In the final story in this stunning collection, Drew is a
young male character whose parents ran a family medical practice in rural
Maine. He recalls that, in spite of having a very broad circle of friends, his
parents only rarely invited anyone over for a get-together: “Only occasionally
did they host their own parties, having grown weary of the occasional girl, the
uninvited guest who would come back, his mother having to usher them off to her
study, away from all the celebrants, her tone one of forced politeness, ‘If I’d
known you were coming –.’ Drew was still a boy then, but he’d understood those
girls, the look on their faces, how they wanted something already gone.”
Kate Milliken’s If I’d
Known You Were Coming is a gallery of uninvited girls and women who have to
muster tremendous forces of will to battle demons within and without.

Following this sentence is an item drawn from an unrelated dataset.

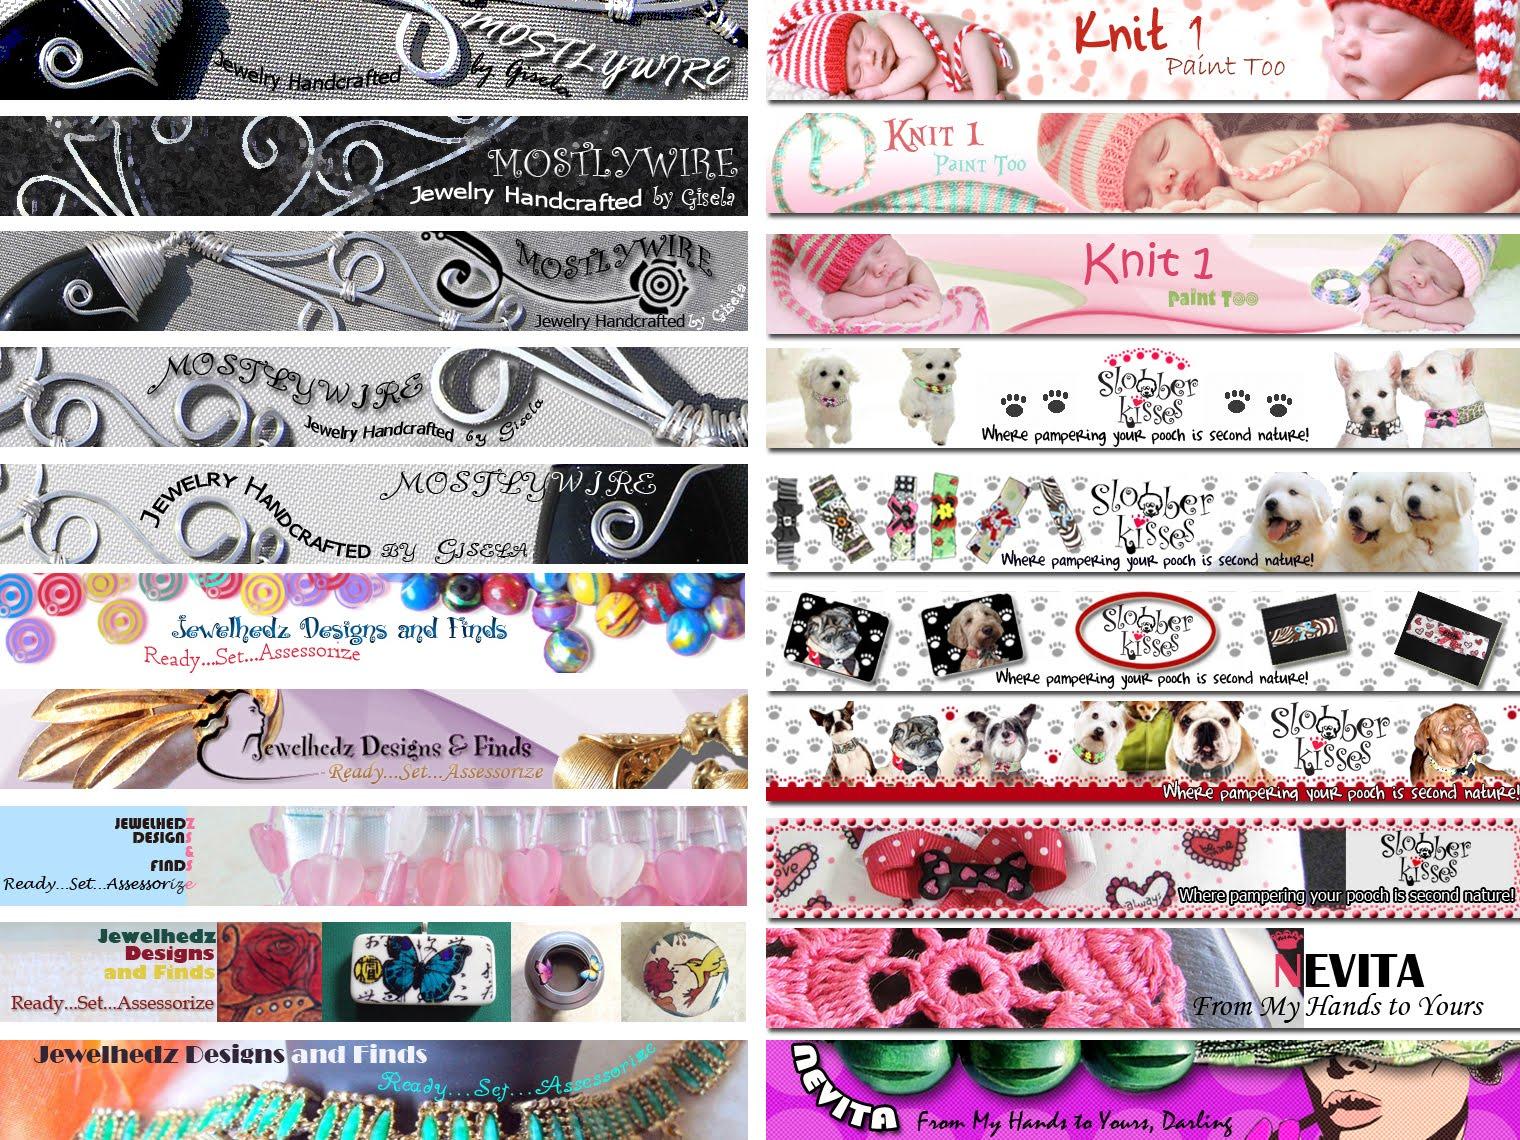 Design banner for etsy - Custom Made Etsy Shop Banners Graphic Design

The
initial entry, A Matter of Time, establishes
the chilling topos straight away. In it, Lorrie is married to a Hollywood show
business wannabe, and she’s desperate to make a go of things. When a visiting
celebrity producer takes an unnatural interest in her five year-old daughter,
Caroline, her reaction – the opposite of that of a protective mother, from what
we can tell – sets the tone.
Ms. Milliken’s heroines are real, sometimes excruciatingly
so. Their stories are just as real, and the events she hints at are horrifyingly
common in life. These stories bring the emotional reality of these facts home
with full force. They have a bleak emotional palette, but the author has
crafted them so artfully, it’s hard to see how they could be done any better.